Err… if you did that then people would be able to guess the key using trial and error one character at a time.
Dare I ask if you modified the serials you provided at the top of the post? I mean, not to imply that such a thing would be, basically, distributing serials, but… uh…
If you’re going to implement multiple text entry boxes that automatically focus on the next field when the current field is filled, don’t make it insanely stupid to go back and EDIT a previous field. I’ve had to enter registration keys that automatically moved focus to the next field when then current field had 5 characters in it. A mistyped 5th character means you can NEVER go back and edit that field (not without some fancy, stupid fast keyboard tricks to hit delete or something before the focus changes).
My favorite is shift-tab to backup to the last field, and it moves back to the current field because the last field is full. Who tested this crap?
Did you just give us a bunch of valid install keys? 
When serious organizations lock down software, they do it with hardware. In the old days it was a parallel port extender filled with epoxy, and today it’s USB keys. No CD key code to hassle with, and it can’t be posted to a forum and shared.
If you want to force the digital world into an 18th century view of property law (you know, can’t be copied and shared, it’s “property” that is non-the-less licensed, etc…) just make a physical key.
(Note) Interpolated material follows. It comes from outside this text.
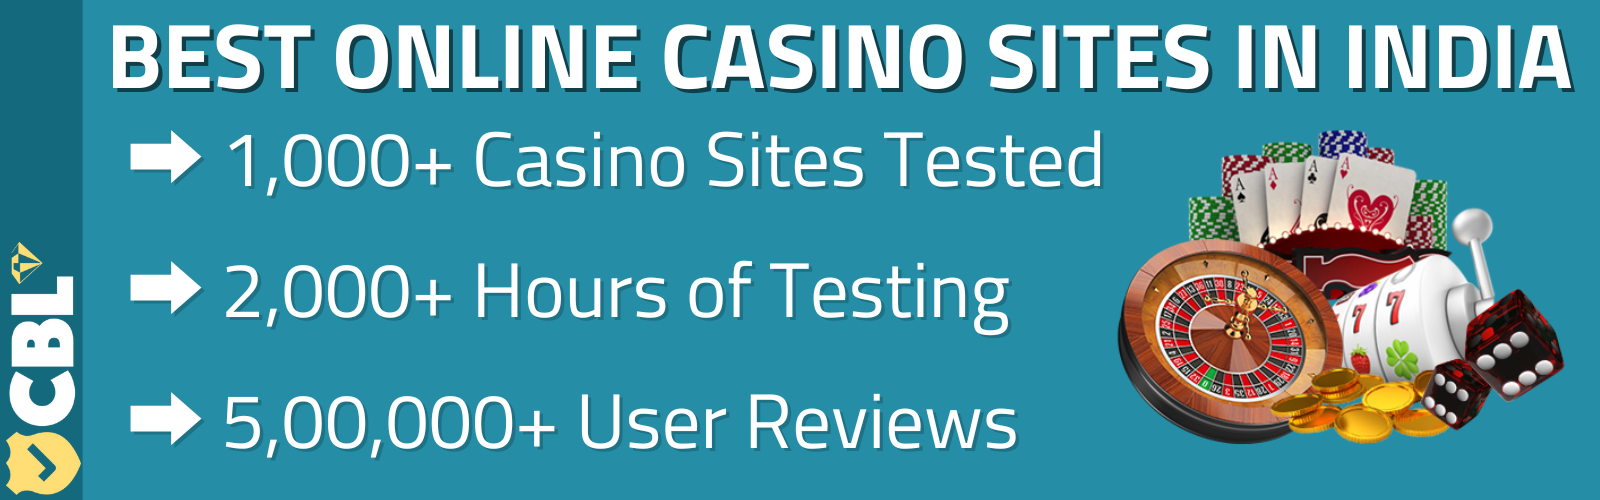 Best online casino india

Or you could get Linux, and get on with life.
@J. Stoever-
“DOS and Unix, anyone?”
Microsoft actually purchased exclusive rights to 86-DOS in 1981.
As far as stealing from UNIX- After reading Jeff’s posts on virus protection being pretty much unnecessary if we’d all stop running as Admin… I can’t help but feel that Windows would be much better if they HAD. 
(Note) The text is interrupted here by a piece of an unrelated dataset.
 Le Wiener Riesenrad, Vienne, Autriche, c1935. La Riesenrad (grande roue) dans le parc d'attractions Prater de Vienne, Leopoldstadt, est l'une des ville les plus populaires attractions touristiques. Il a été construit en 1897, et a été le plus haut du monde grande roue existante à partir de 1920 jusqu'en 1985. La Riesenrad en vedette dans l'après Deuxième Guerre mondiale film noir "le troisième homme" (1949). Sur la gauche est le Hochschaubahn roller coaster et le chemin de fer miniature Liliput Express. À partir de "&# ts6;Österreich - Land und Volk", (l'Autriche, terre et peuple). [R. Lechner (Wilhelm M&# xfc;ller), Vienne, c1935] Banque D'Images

I like to keep my possessions to a minimum and so dispose of packaging and put CDs and DVDs into a carry case.
You can imagine my annoyance when my Vista and Office 2007 retail boxes wouldn’t let me peel off the serial number to stick into my carry case. It’s like a piece of plastic with a sticker on it is somehow my proof of purchase…
Don’t get me started on how Vista wants to reactivate every time I boot it natively on my Mac as opposed to being virtualed… (each switch effectively deactivates it and makes Microsoft think it’s been pirated onto yet another machine)
[)amien
The first thing I do is take a sharpie and write the key onto the cd.
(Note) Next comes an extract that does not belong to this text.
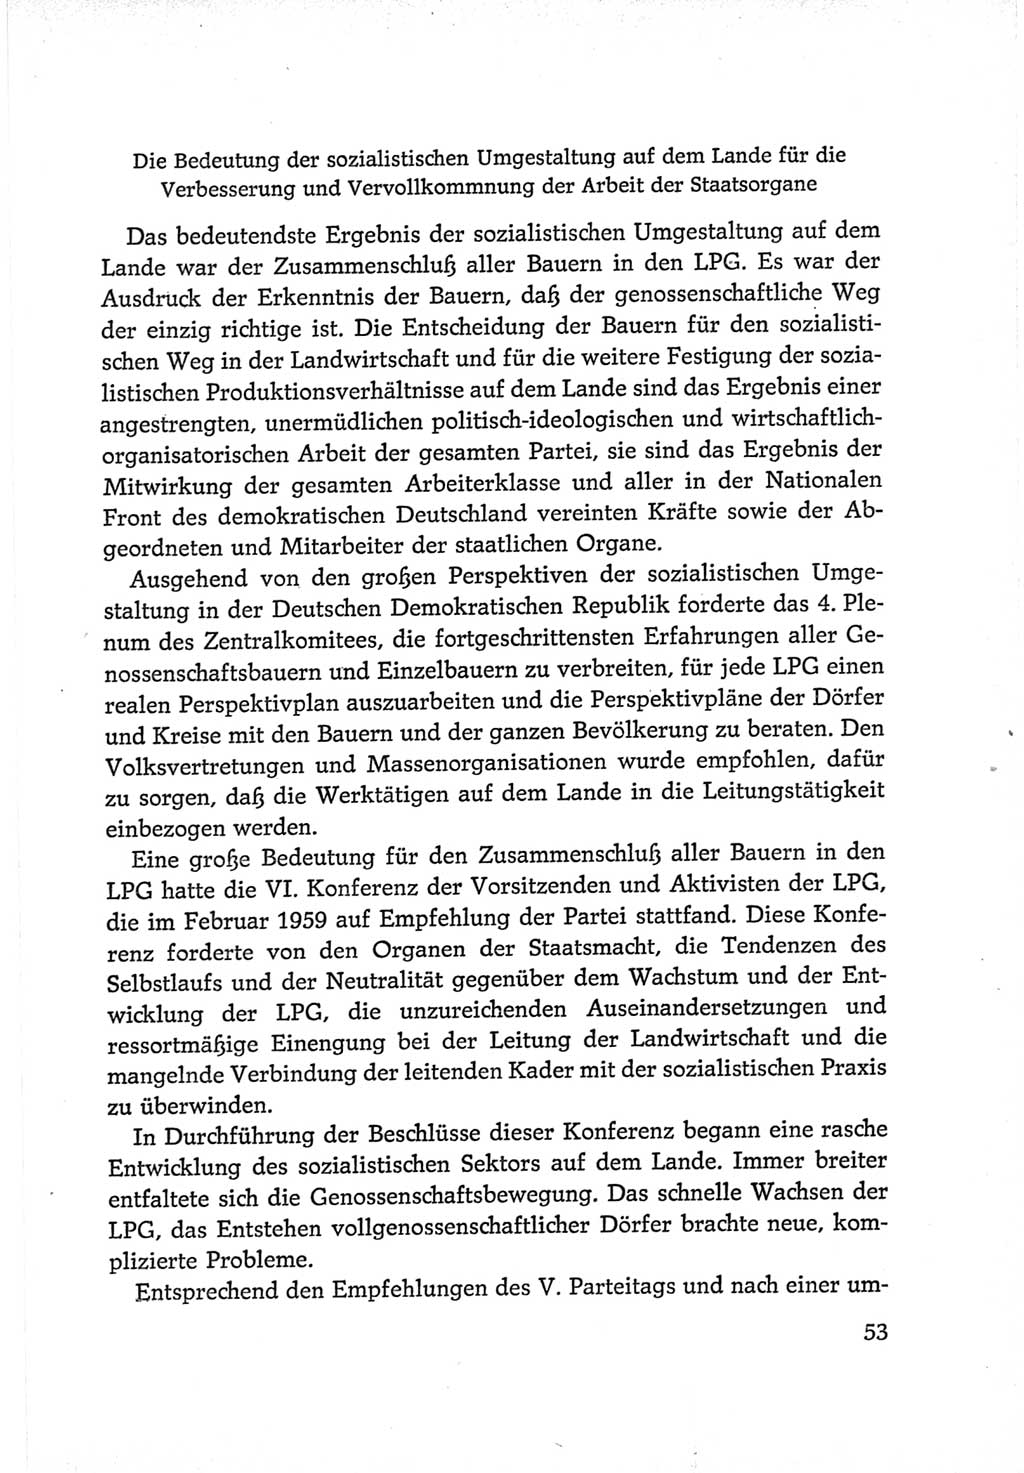 Protokoll der Verhandlungen des Ⅵ. Parteitages der Sozialistischen Einheitspartei Deutschlands (SED) [Deutsche Demokratische Republik (DDR)] 1963, Band Ⅳ, Seite 53 (Prot. Verh. Ⅵ. PT SED DDR 1963, Bd. Ⅳ, S. 53)

For shareware my preferred key is the giant block of text that gets pasted in. And let the username and key be in the same block. After all, I am just going to paste it in from a registration email, and dont really want to spend time filling in multiple textboxes.
“Tell me as soon as I’ve entered a bad value in the key. Why should I have to go back and pore over my entry to figure out which letter or number I’ve screwed up? You’re the computer, remember? This is what you’re good at.”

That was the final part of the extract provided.